Prakash Y S, Iyanoye Adeyemi, Ay Binnaz, Sieck Gary C, Pabelick Christina M
Department of Anesthesiology, Mayo Clinic College of Medicine, Rochester, Minnesota 55905, USA.
Anesthesiology. 2006 Nov;105(5):976-83. doi: 10.1097/00000542-200611000-00019.
Volatile anesthetics produce bronchodilation in part by depleting sarcoplasmic reticulum Ca stores in airway smooth muscle (ASM). Other bronchodilatory drugs are known to act via cyclic nucleotides (cyclic adenosine 3',5'-cyclic monophosphate, cyclic guanosine 3',5'-cyclic monophosphate).
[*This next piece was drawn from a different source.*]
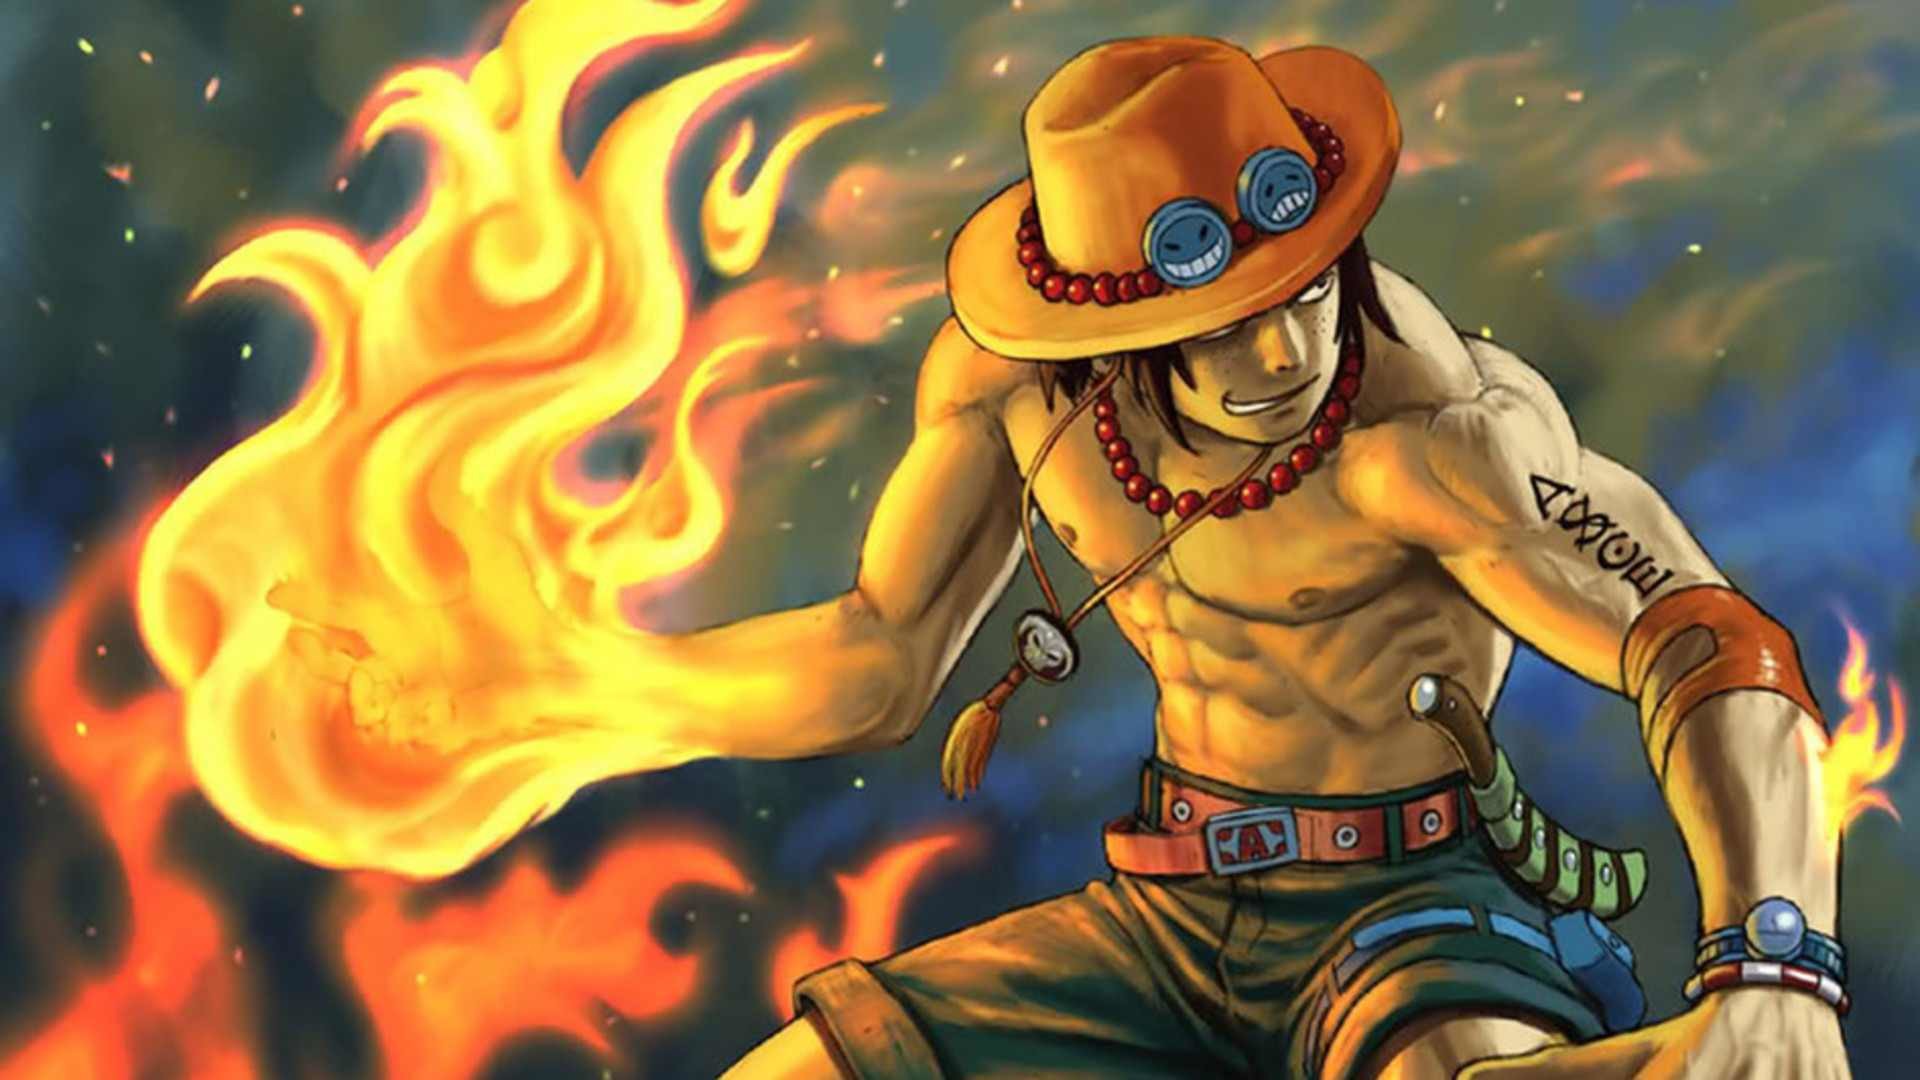 One Piece Ace Background Wallpaper Hd Wallpapers 1920x1080

Intracellular Ca regulation in ASM involves plasma membrane Ca influx, including that triggered by sarcoplasmic reticulum Ca depletion (store-operated Ca entry [SOCE]). The authors hypothesized that anesthetics and bronchodilatory agents interact in inhibiting SOCE, thus enhancing ASM relaxation.
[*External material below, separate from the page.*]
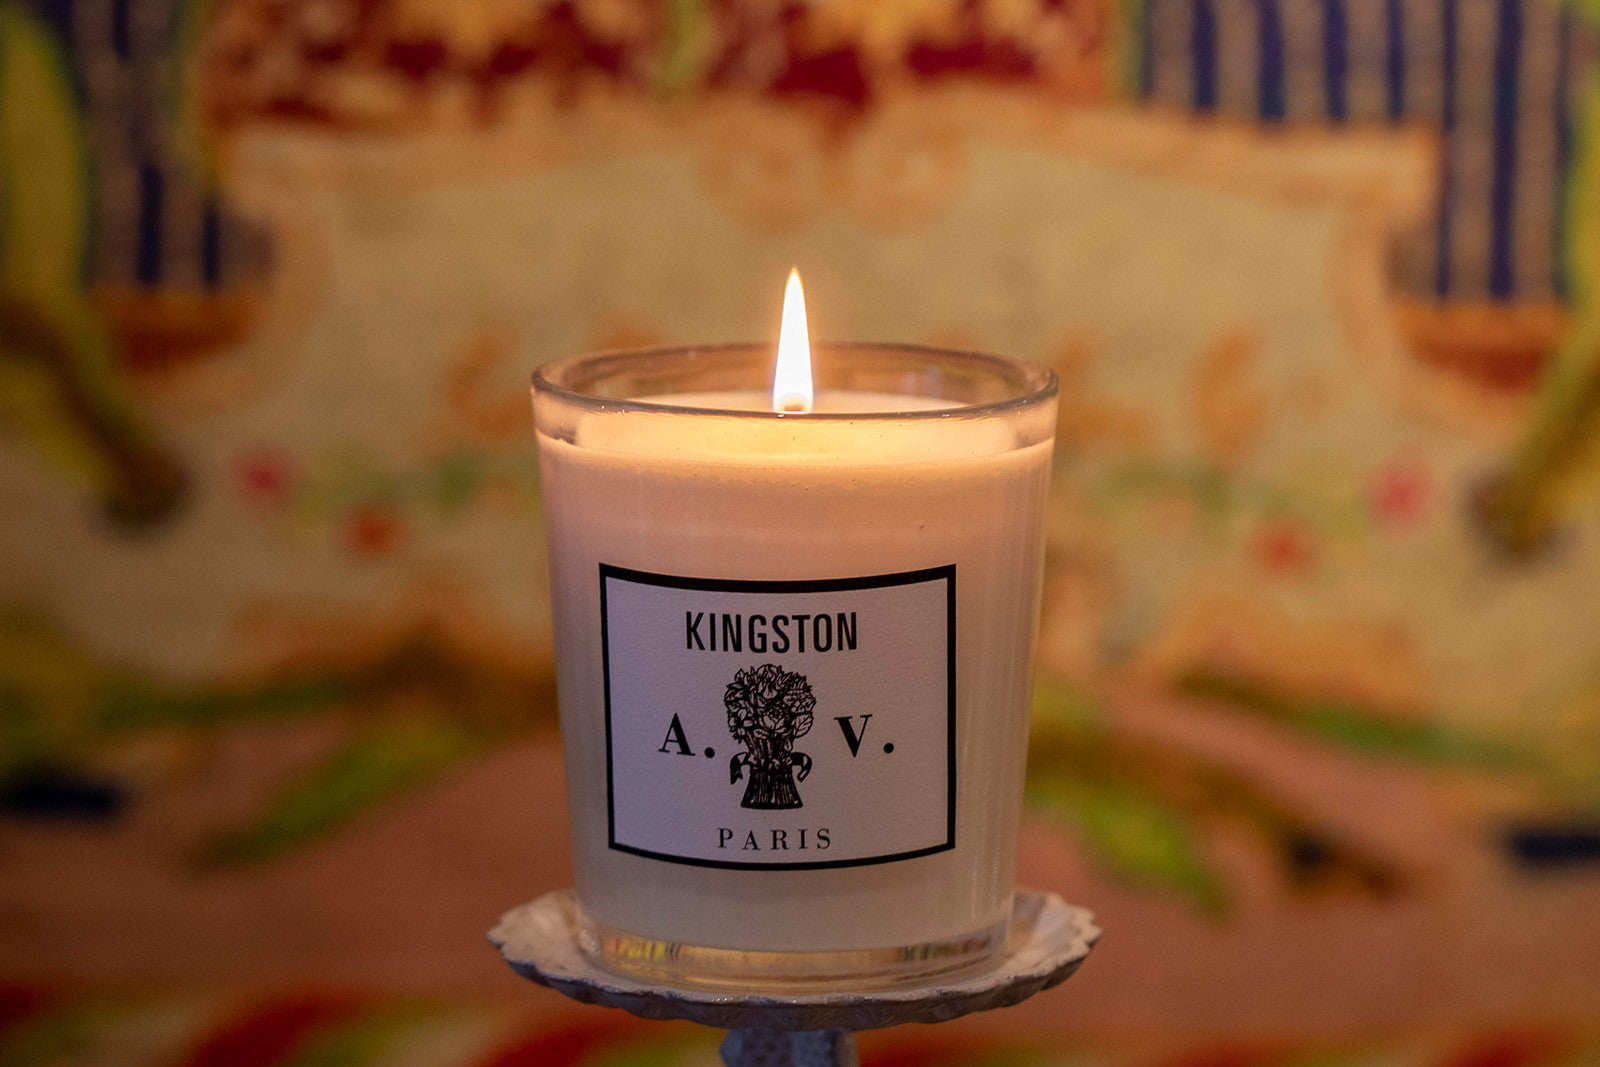 Kingston scented candle

In enzymatically dissociated porcine ASM cells imaged using fluorescence microscopy, sarcoplasmic reticulum Ca was depleted by 1 microm cyclopiazonic acid in 0 extracellular Ca, nifedipine, and potassium chloride (preventing Ca influx through L-type channels and SOCE). Extracellular Ca was rapidly reintroduced to selectively activate SOCE in the presence or absence of 1 minimum alveolar concentration (MAC) halothane, isoflurane, or sevoflurane. Anesthetic interference with SOCE regulation by cyclic nucleotides was examined by activating SOCE in the presence of (1) 1 microm acetylcholine, (2) 100 microm dibutryl cyclic adenosine 3',5'-cyclic monophosphate, or (3) 100 microm 8-bromo-cyclic guanosine 3',5'-cyclic monophosphate.
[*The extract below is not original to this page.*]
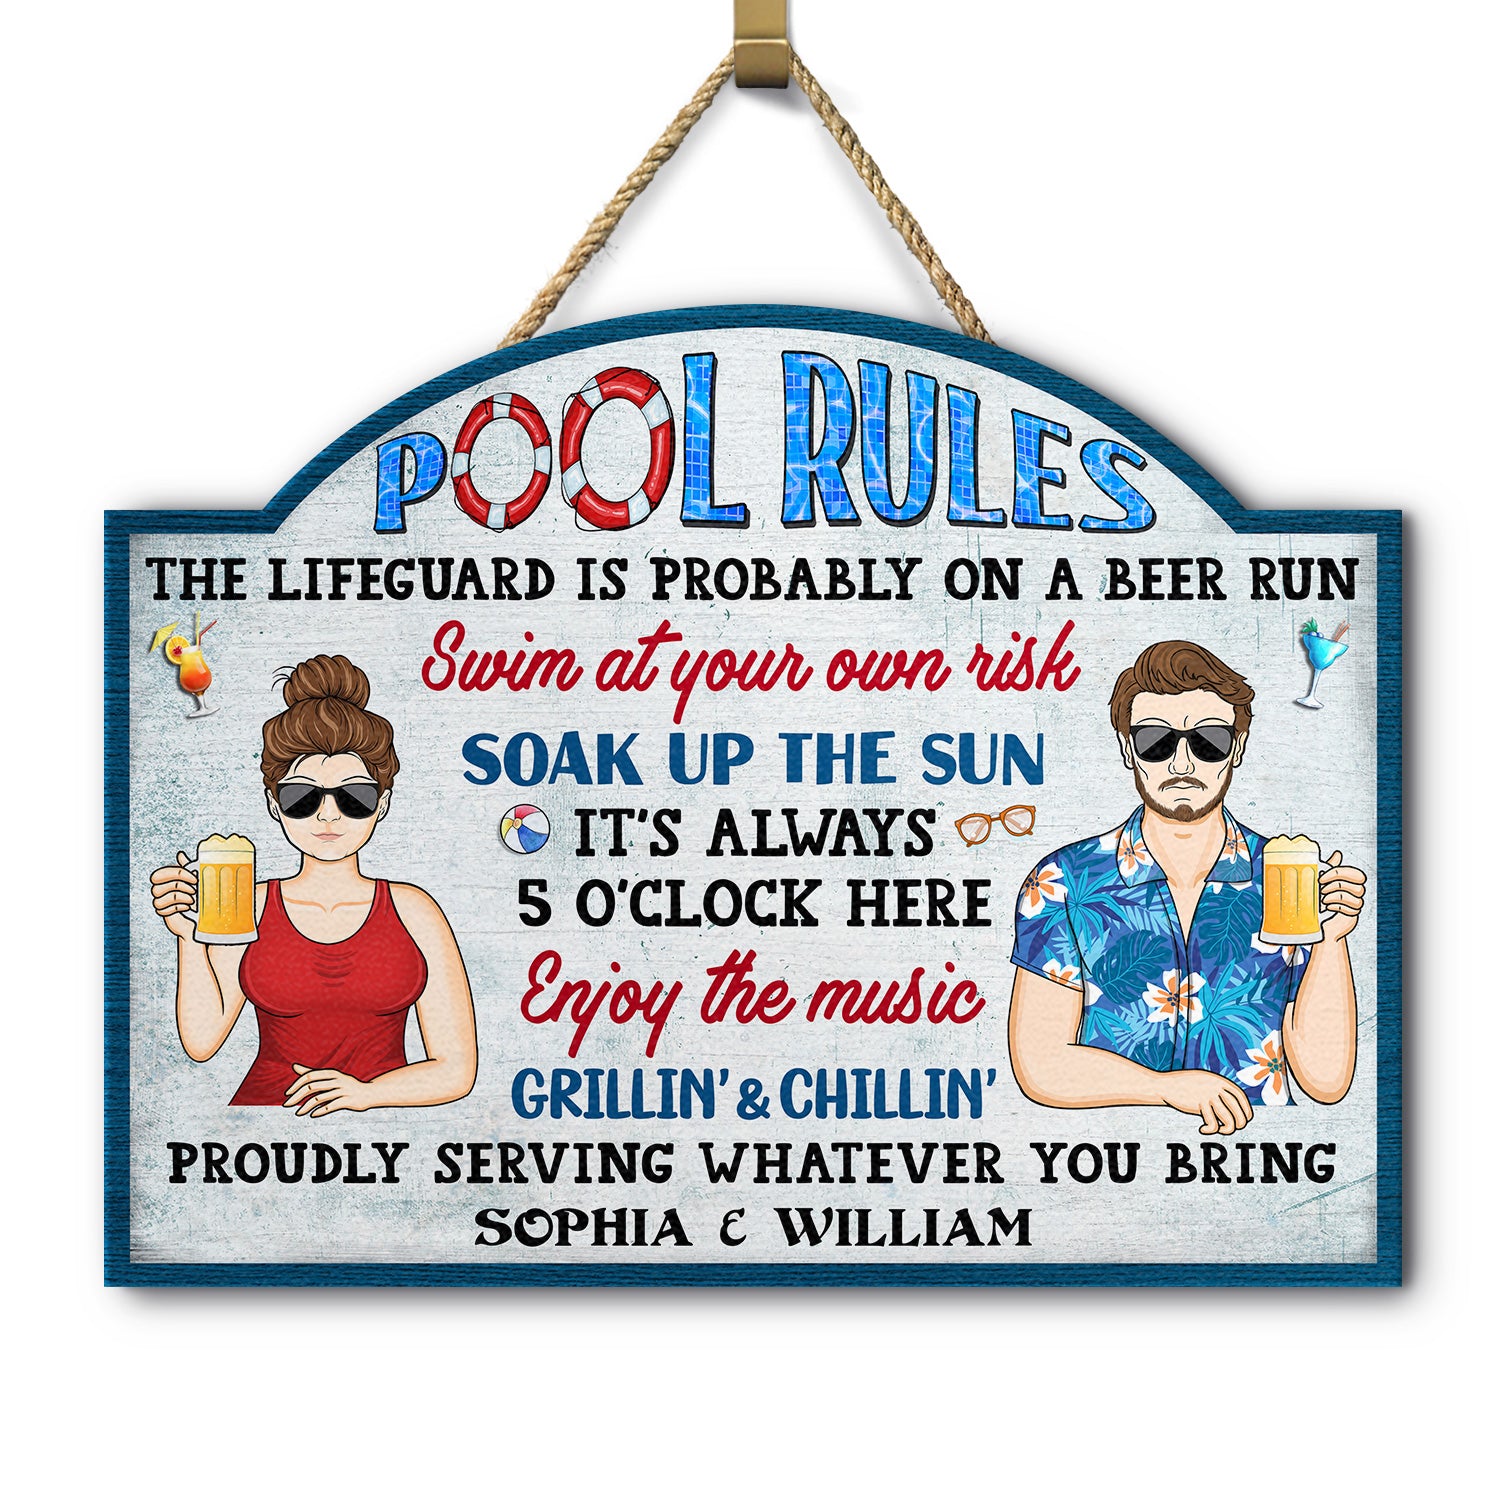 Pool Rules Swim At Your Own Risk Grilling - Home Decor, Backyard Decor, Gift For Her, Him, Couples, Husband, Wife, Family - Personalized Custom Shaped Wood Sign

SOCE was enhanced by acetylcholine, whereas volatile anesthetics and both cyclic nucleotides partially inhibited Ca influx. Preexposure to 1 or 2 MAC anesthetic (halothane > isoflurane > sevoflurane) inhibited SOCE. Only halothane and isoflurane inhibited acetylcholine-induced augmentation of Ca influx, and significantly potentiated cyclic nucleotide inhibition such that no influx was observed in the presence of anesthetics and cyclic nucleotides.
These data indicate that volatile anesthetics prevent sarcoplasmic reticulum refilling by inhibiting SOCE and enhancing cyclic nucleotide blunting of Ca influx in ASM. Such interactions likely result in substantial airway relaxation in the presence of both anesthetics and bronchodilatory agents such as beta agonists or nitric oxide.
挥发性麻醉剂部分通过耗尽气道平滑肌(ASM)肌浆网中的钙储备来产生支气管扩张作用。已知其他支气管扩张药物通过环核苷酸(环磷腺苷、环磷鸟苷)发挥作用。ASM中的细胞内钙调节涉及质膜钙内流,包括由肌浆网钙耗竭引发的内流(储存性钙内流[SOCE])。作者推测麻醉剂和支气管扩张剂在抑制SOCE方面存在相互作用,从而增强ASM舒张。
在使用荧光显微镜成像的酶解离猪ASM细胞中,在无细胞外钙、硝苯地平和氯化钾(防止钙通过L型通道和SOCE内流)的情况下,用1微摩尔环匹阿尼酸耗尽肌浆网钙。在存在或不存在1个最低肺泡浓度(MAC)的氟烷、异氟烷或七氟烷的情况下,迅速重新引入细胞外钙以选择性激活SOCE。通过在存在(1)1微摩尔乙酰胆碱、(2)100微摩尔二丁酰环磷腺苷或(3)100微摩尔8-溴环磷鸟苷的情况下激活SOCE,研究麻醉剂对环核苷酸调节SOCE的干扰。
乙酰胆碱增强SOCE,而挥发性麻醉剂和两种环核苷酸均部分抑制钙内流。预先暴露于1或2MAC麻醉剂(氟烷>异氟烷>七氟烷)可抑制SOCE。只有氟烷和异氟烷抑制乙酰胆碱诱导的钙内流增加,并显著增强环核苷酸抑制作用,以至于在存在麻醉剂和环核苷酸的情况下未观察到内流。
这些数据表明,挥发性麻醉剂通过抑制SOCE和增强ASM中钙内流的环核苷酸钝化作用来阻止肌浆网再充盈。这种相互作用可能在同时存在麻醉剂和支气管扩张剂(如β激动剂或一氧化氮)的情况下导致显著的气道舒张。